I immediately thought of a story from the yellowing pages of history, one that was discussed in the Washington Post some two years ago under the headline “When Portland Banned Blacks: Oregon’s Shameful History as an ‘All-White’ State.”

We tend to think of Portland, Oregon as a liberal place, and, comparatively speaking, it is. But I’m comparing the place to the Oregon of 1844, when all black people were ordered to leave the territory. “Those who refused to leave could be severely whipped, the provisional government law declared, by ‘not less than twenty or more than thirty-nine stripes’ to be repeated every six months until they left,” according to reporter DeNeen L. Brown.

This was 15 years before Oregon entered the Union and it was still a slave territory. Black men were given two years to leave, black women had an additional year. It did not matter if the humans in question were free or were property.
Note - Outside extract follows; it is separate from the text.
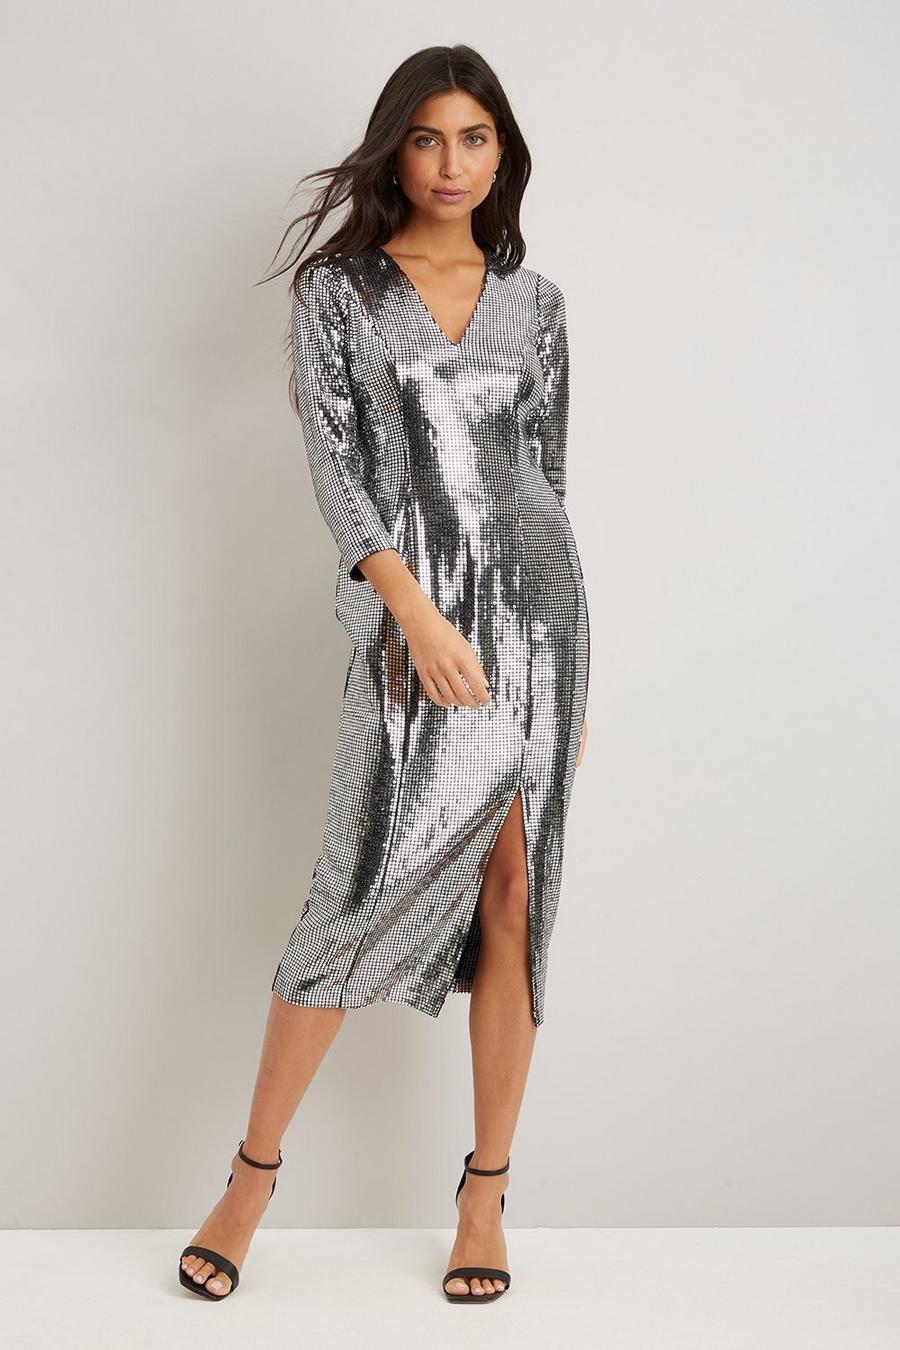 Silver Mirror Sequin Dress

As Big Bill Broonzy later sang, “If you’re black, go back.” A few decades later, President Orange Man added “To where you came from.”

Unless that place was Oregon. The provisional governor was a man named Peter Burnett; previously, he was a slaver from Missouri who subsequently became the first American governor of California. His attitude towards those of Asian descent was the same.

What goes around sticks around. Blacks and mulattoes were banned from Oregon in 1848, and two years later whites and half-breed Indians (their term, not mine) were granted 650 acres of land. When Oregon achieved statehood in 1859, the state constitution banned slavery but did not allow non-whites to live there. Its white star on the American flag was, indeed, whiter than all the others.

Oregon became the west coast mecca for the Ku Klux Klan in the 1920s. At the time, Indiana was the east coast mecca, a fact that my own family knows first-hand. My paternal grandparents were burned out of Indianapolis by the Klan and they moved back to the amazingly less racist Chicago Illinois, where my father met my mother and, eventually, they had themselves a noisy little rabble-rouser.

Oregon initially supported the 14th Amendment but rescinded that support shortly thereafter. More significant, it did not ratify the 15th Amendment for another 100 years, as something of an afterthought in their centennial celebration.

So, once again we pay tribute to the “what goes around comes around” law of social gravity. As Tony Hendra wrote almost a half-century ago, “let not the sands of time get in your lunch.”

And, while you’re at it, keep the Orange Man off your rear bumper. Unless it’s a covered wagon, and you’re headed to Oregon.

Thoughts?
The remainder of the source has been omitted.